Michael J. Clare-Salzler, MD
Dr. Clare-Salzler received his Doctor of Medicine and medical training from the State University of New York in Buffalo. He began his research career at the University of California in Los Angeles, where he studied the immunopathogenesis of Type I diabetes (T1D) in NOD mice, which is the genetic mouse model for T1D. Since transferring to the University of Florida Department of Immunology, Pathology and Laboratory Medicine and Internal Medicine and Surgery in 1993, Dr. Clare-Salzler has been pursuing his research in T1D diagnosis and management, autoimmune thyroid disease, and other endocrine diseases. He participates in many clinical trials, including the PANDA infant screening program and the Diabetes Prevention Trial for T1D.
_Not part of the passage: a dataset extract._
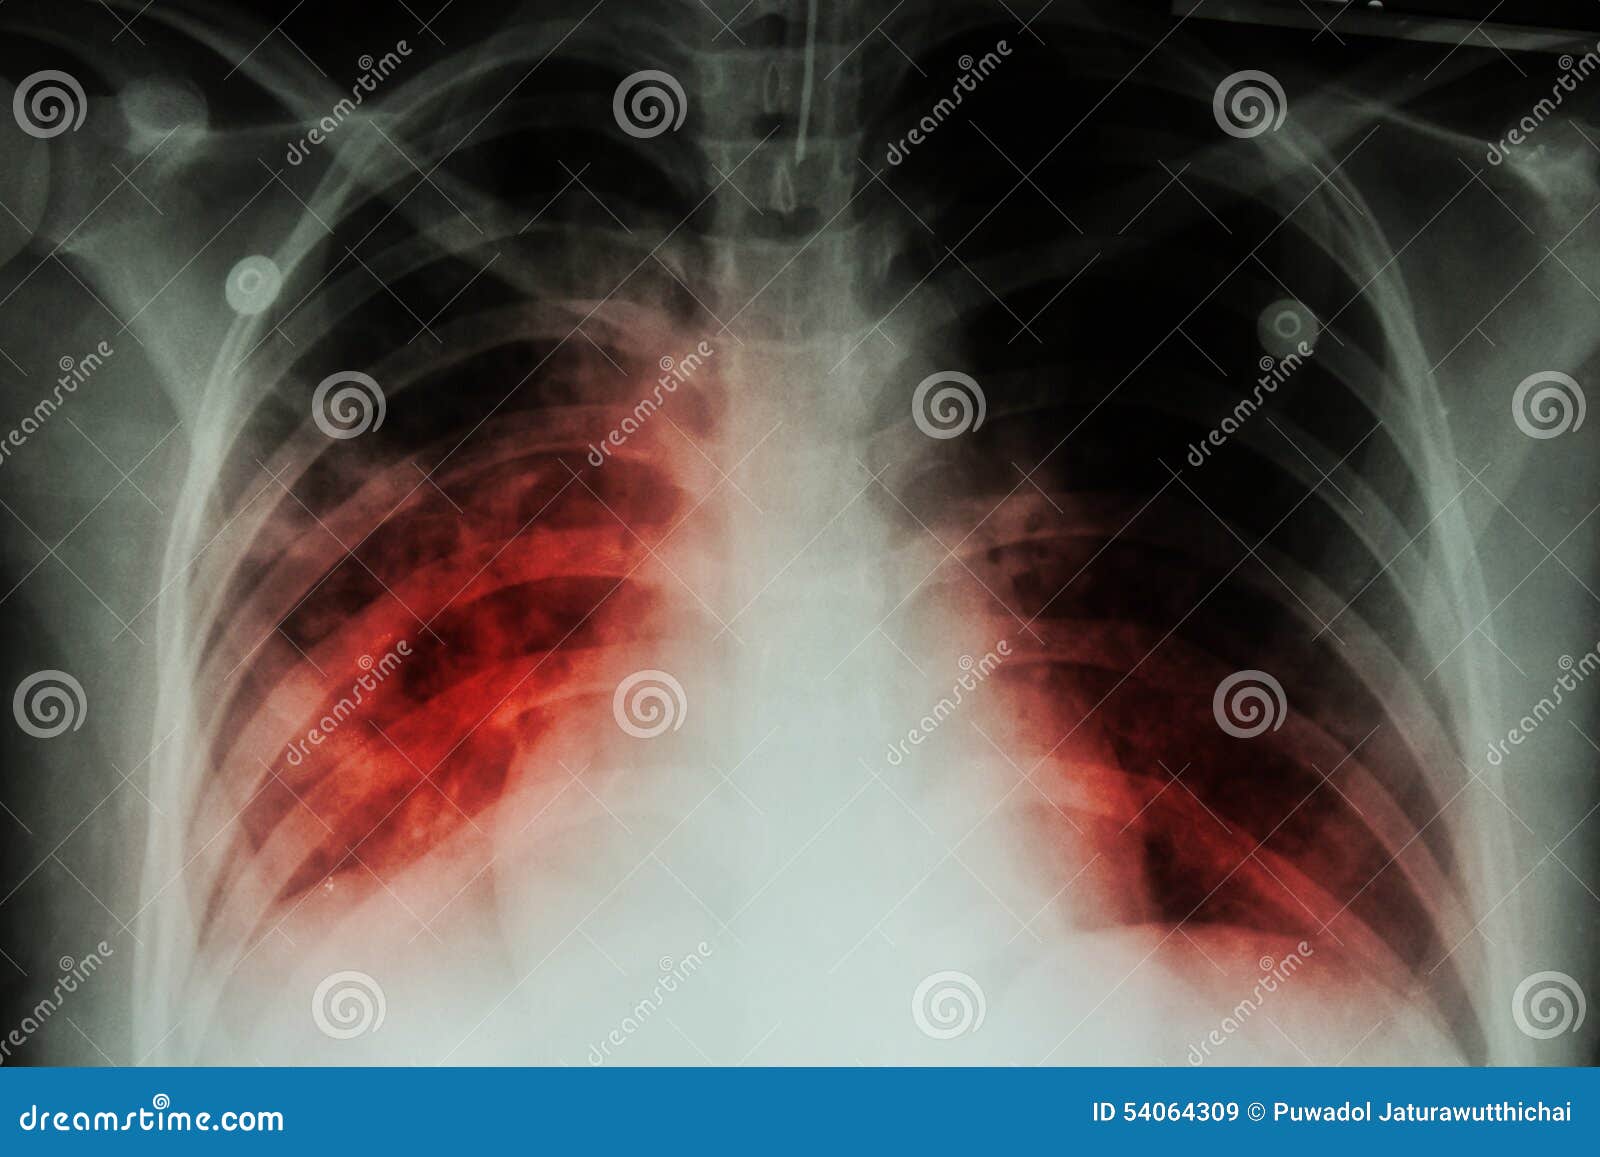 pulmonary tuberculosis ( tb ) : chest x-ray show alveolar infiltration at both lung due to mycobacterium tuberculosis infectionp

Dr. Clare-Salzler‘s areas of clinical expertise lie in the diagnosis and management of Type I diabetes, autoimmune thyroid disease, management of thyroid nodules, fine needle aspiration of thyroid nodules and thyroid cancer. He is also well versed in other endocrine diseases including Cushing’s Disease, pituitary disease, pheochromocytoma, adrenal tumors and parathyroid diseases.
Dr. Clare-Salzler is a member of the NIH funded International Multi-Center diabetes prevention trial, the Diabetes Prevention Trial for Type I diabetes or DPT-1. He is also an investigator on other diabetes screening programs at the University of Florida including the infant screening program PANDA.
Dr. Clare-Salzler’s research focus is to establish the cellular, molecular, and genetic basis for the immunpathogenesis of Juvenile or Type I diabetes and other autoimmune endocrine diseases. He and his team have concentrated their efforts on the role of antigens such as glutamate decarboxylase (GAD) and the biology of antigen presenting cells as it relates to the generation of protective and pathogenic immune responses in an animal model of Type I diabetes, the non-obese diabetic mouse (NOD) as well as in humans with an established high risk for this disease.
Recent work has lead to the identification of a number of immunophenotypes in NOD mice and human subjects with a high risk for Type I diabetes. These immunophenotypes involve the regulation of prostaglandin metabolism in macrophages/monocytes and dysregulation of pathways involved in activation induced cell death in lymphocytes. Utilizing congenic mice we have identified chromosomal intervals that contribute to these phenotypes. They are currently evaluating candidate genes in these intervals and are also determining the role of TNF in the development of organ dysfunction, particularly liver injury, in a murine model of sepsis and inflammation. The team has defined that NOD mice are highly resistant to this form of liver injury in comparison to other standard strains of mice. They are currently dissecting the genetic contributions to this resistance using a congenic mouse approach.